Green’s Dictionary of Slang

killing n.

also kill
[now SE]

(US) a great success, usu. financial.

[Aus]Bulletin (Sydney) 19 Sept. 9/2: Another little playful ditty [...] was about the ‘boys,’ with their moustaches and eye-glasses, doing a ‘great kill’ in the best box at the theatre but whose washing consisted of ‘a dicky and a pair of cotton socks.’.
[US]St Paul Globe (MN) 27 Nov. 5/1: Drake, of Chicago, [...] made such a ‘killing’ on the English tracks that was never before made in England.
[US]W. Irwin Confessions of a Con Man 44: I won three hundred and fifty dollars [...] The news of my killing got around.
[US]D. Hammett ‘Nightmare Town’ in Nightmare Town (2001) 35: What a killing!
[US]T. Thursday ‘Good Luck is No Good’ in Federal Agent Nov. 🌐 I tell Maggie McGill — that’s the dame I’m hot over — that I am booked for a heavy killing.
[US]C. Himes ‘Face in the Moonlight’ in Coll. Stories (1990) 137: [Y]ou were in Miami—the winter after you had made the killing at Arlington Park.
[US]E. Reid Shame of N.Y. 136: The shipowners want a constant, controlled pool of labor, and the longshoremen live for the day of the ‘big killing’.
[UK]R. Cook Crust on its Uppers 57: We’re going to have a proper killing this time.

In phrases

make a killing (v.) (also make a kill, ...cleaning)

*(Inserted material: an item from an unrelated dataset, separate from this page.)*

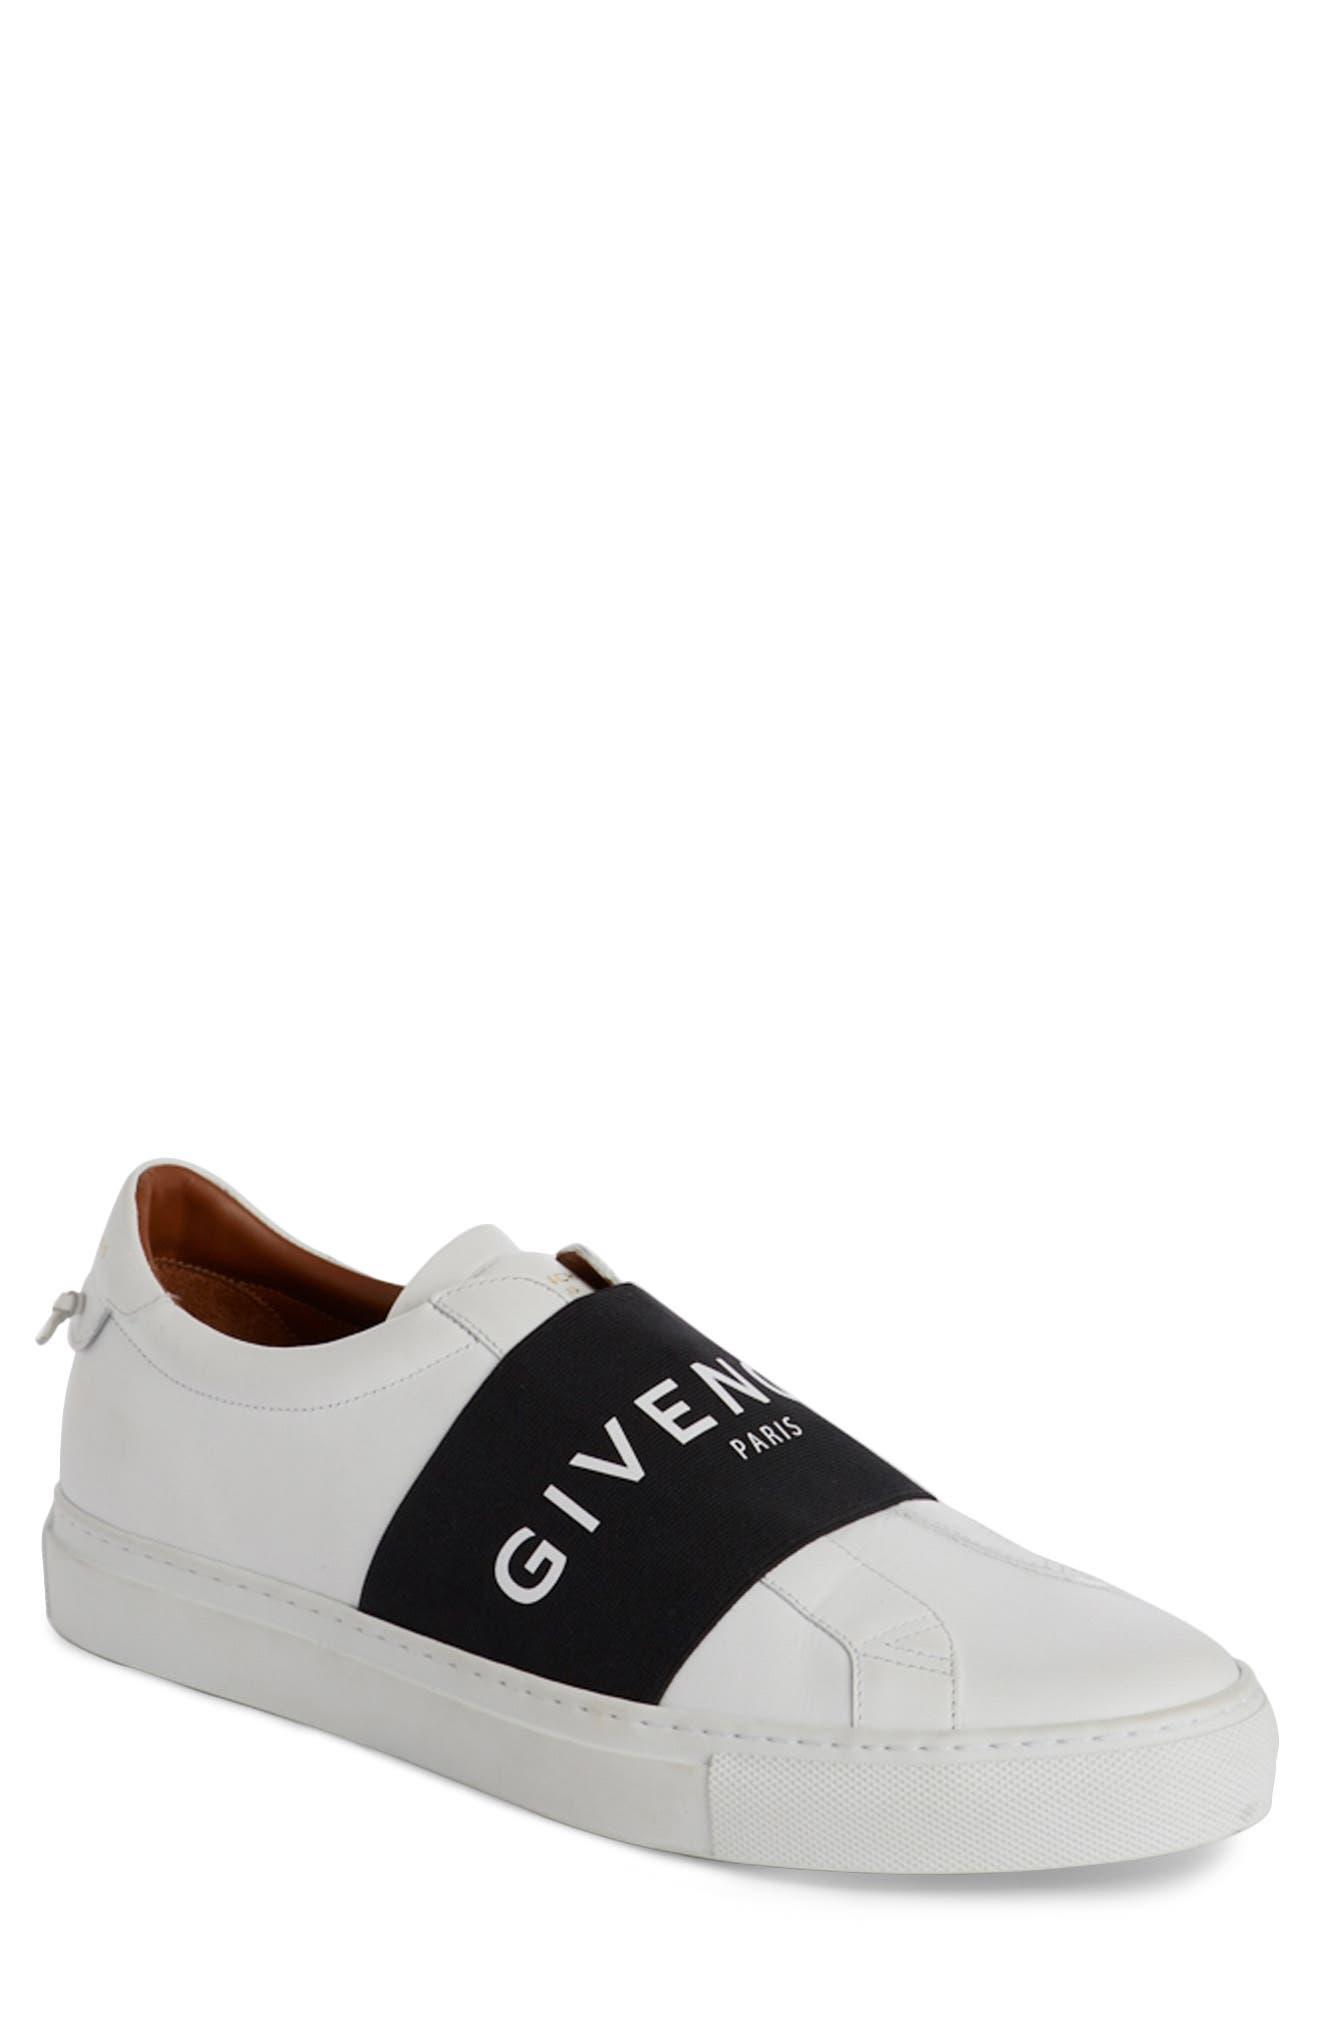 Logo Strap Slip-On Sneaker,                         Main,                         color, WHITE/ BLACK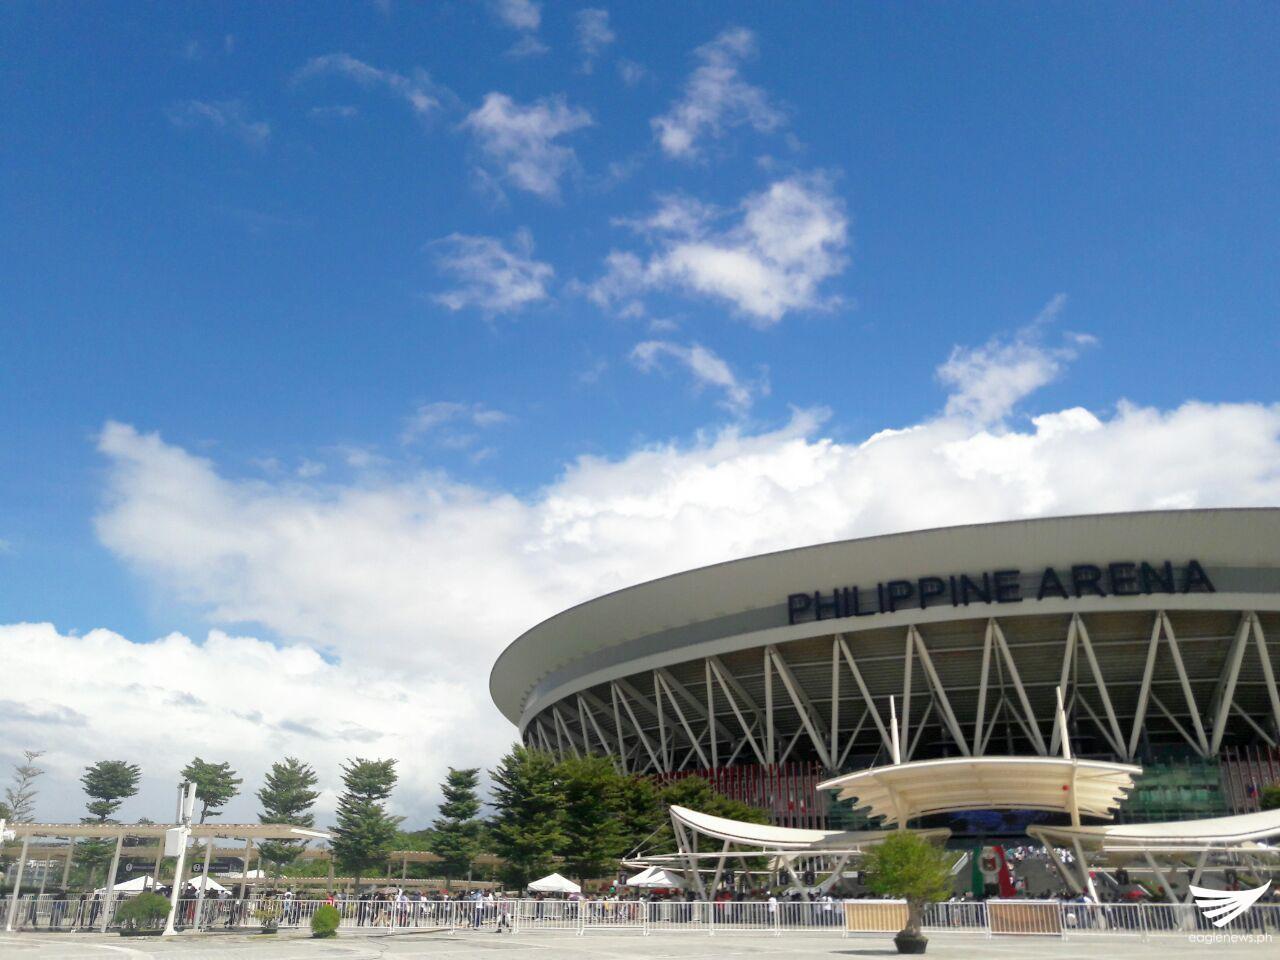 philippine-arena00001

1. (orig. US) to make a profit by gambling, whether at the races, on the stock market, in a casino etc.

[US]H. Blossom Checkers 12: It looked like a good chance to make a ‘killin’’ and I put twenty on him.
[US]D.G. Phillips Susan Lenox I 210: We were going to try to make a killing at Sutherland.
[US]F. Packard Adventures of Jimmie Dale (1918) I iii: I’m feeling good, that’s all — I’m going to make the killing of my life to-morrow.
[US]F. Williams Hop-Heads 101: She had made a killing on the ponies, cleaned up $40,000.
[US]P.J. Wolfson Bodies are Dust (2019) [ebook] ‘You want to make a killin’?’.
[UK]P. Cheyney Dames Don’t Care (1960) 117: Aymes makes a killin’ on the stock market.
[UK]R. Westerby Wide Boys Never Work (1938) 181: Pretending he had made a kill on the horses.
[US]F. Brown Dead Ringer 104: He’s got dough [...] He made a killing that one week in Evansville.
[Aus]T.A.G. Hungerford Riverslake 126: If I make a killing tonight I’ll be damn careful gatting away from the ring and back to the camp!
[Aus]A. Buzo Rooted III iii: Went up country and made a killing on the proverbial dogs. Picked up a good tip from a local turf identity.
[Can]R. Caron Go-Boy! 37: There was one guy [...] who owned a contraband library of pornographic books; he made a killing loaning them out at three bales [of tobacco] a crack.
[UK]J. Sullivan ‘A Losing Streak’ Only Fools and Horses [TV script] We’ll see if we can make a killing down the old market.
[UK]J. Osborne Déjàvu Act I: The middle classes never tell you when they’ve made a killing, especially when it’s inherited money.
[UK] Sun. Times 6 Feb. 8: Wife of raider makes killing on M&S deal.
[UK]Sun. Times Mag. 19 Dec. 63/3: Schilling has made a killing abd bought himself a pile in Norfolk.

2. (US campus) to answer all of a teacher’s questions correctly.

[US]J.W. Carr ‘Words from Northwest Arkansas’ in DN III:ii 146: make a killing, n. phr. To answer all the questions of a teacher correctly. ‘He asked some hard questions, but Jim made a killing’.